In the other corner is a new alien race called the Zujari, a bland race that fights exactly like humans with advanced technology. Their minions – classic XCOM aliens like impish, mouthless sectoids, lumbering mutons, swift silacoid blobs, and flying drones – all have much more character. With several varieties of Zujari, though, the enemy diversity is respectable, and manages to keep fights from going stale too quickly.
Of course, that’s all rendered nearly moot by a revival system that you have to consciously avoid exploiting. Even while they're being pounded on by a huge muton, your two agents can constantly revive each other in an absurd seesaw dance of perpetual near-death. Between those two goofy systems, I lost only two men on my Veteran difficulty playthrough.
Captured alien weapons aren't anything special, either. They have some flashy effects, but they're simply more powerful red- or green-glowing variations of ballistic firearms, and none stands out as the slightest bit distinctive. Even the Blaster Launcher is nothing but a green rocket launcher.

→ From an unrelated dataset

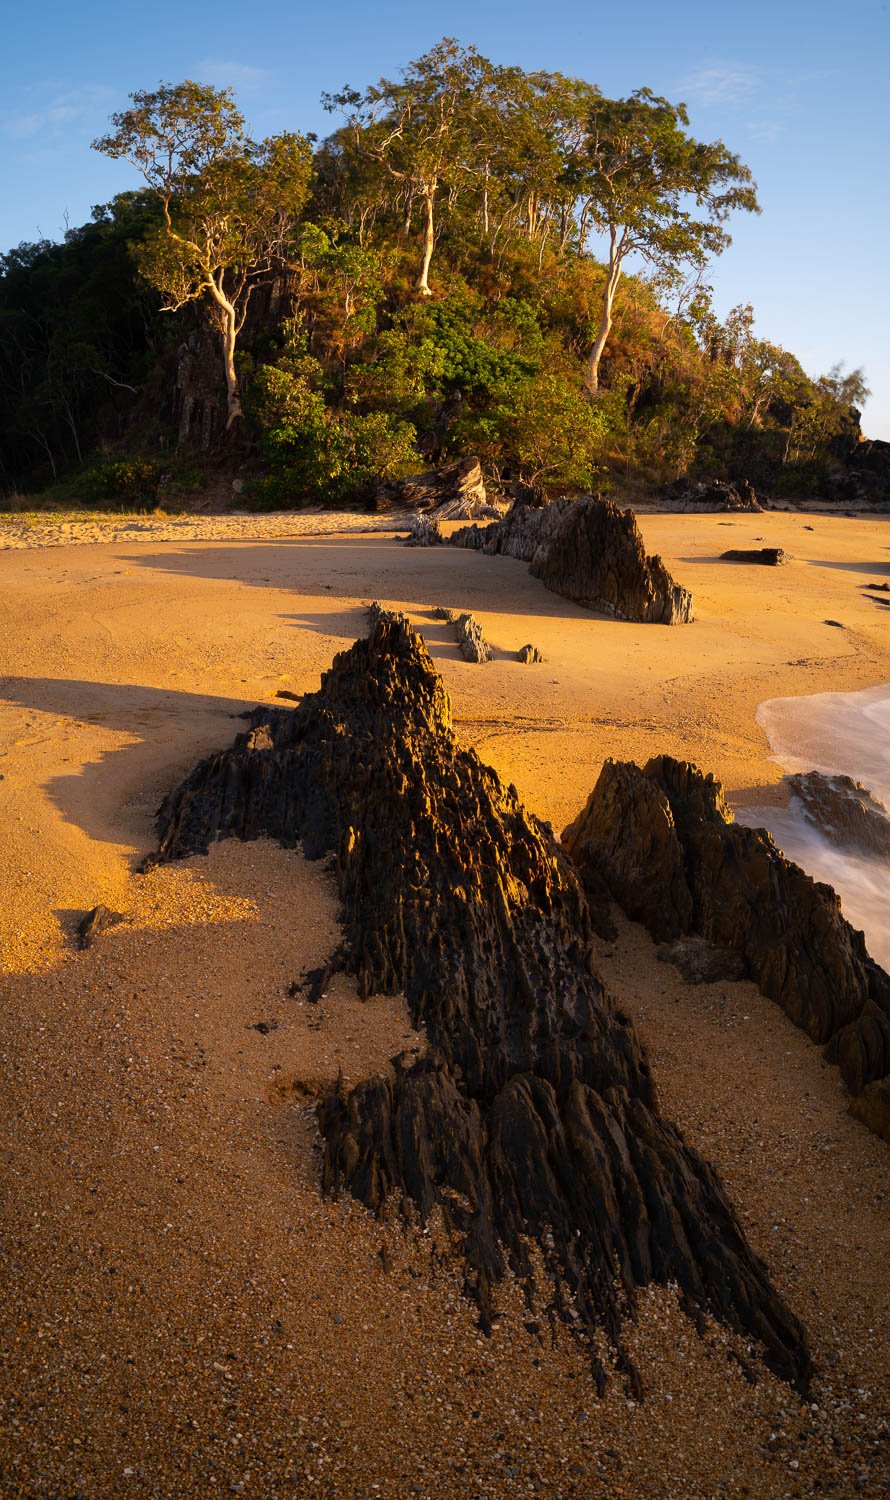 A thick group of long trees on a beach-like surface, Palm Cove Beach, Far North Queensland

I can give the Bureau credit for its 1960s setting, which looks pretty good thanks to fine detail in both the base and the towns and rural farms you’re sent out to liberate. A farm mission stands out as particularly atmospheric, with battles playing out from behind tractors and bales of hay, leading to an unexpected hidden area. Scattered notes and voice recordings from civilians succumbing to an alien virus give it a touch of real creepiness. Characters' faces aren't bad, though not particularly well lip-synced to their mostly wooden voice acting. It's commendable that conversations can play out in dramatically different ways based on early conversation choices, such as whether you play good cop or bad cop in an interrogation. I can’t say I have any desire to replay The Bureau, though.
Even in the moments of atmospheric success, though, there are a ton of sloppy little things that undermine the consistency of the setting, kind of like seeing a biopic in which Abraham Lincoln wears Google Glass. In the very first mission an XCOM agent has a deployable laser turret, despite never having encountered alien weapon technology before. And suddenly, in the middle of a mission, I unlocked abilities that allowed me to toss out a friendly version of alien blobs and drones. There’s no mission to obtain the skills, no interaction with a Q-like scientist back at base explaining that he’s figured out how to control the alien technology. The Bureau just says, "Bam, you can do that now." Oh, and in a few places cinematic sound effects are straight-up missing. That’s just ridiculous.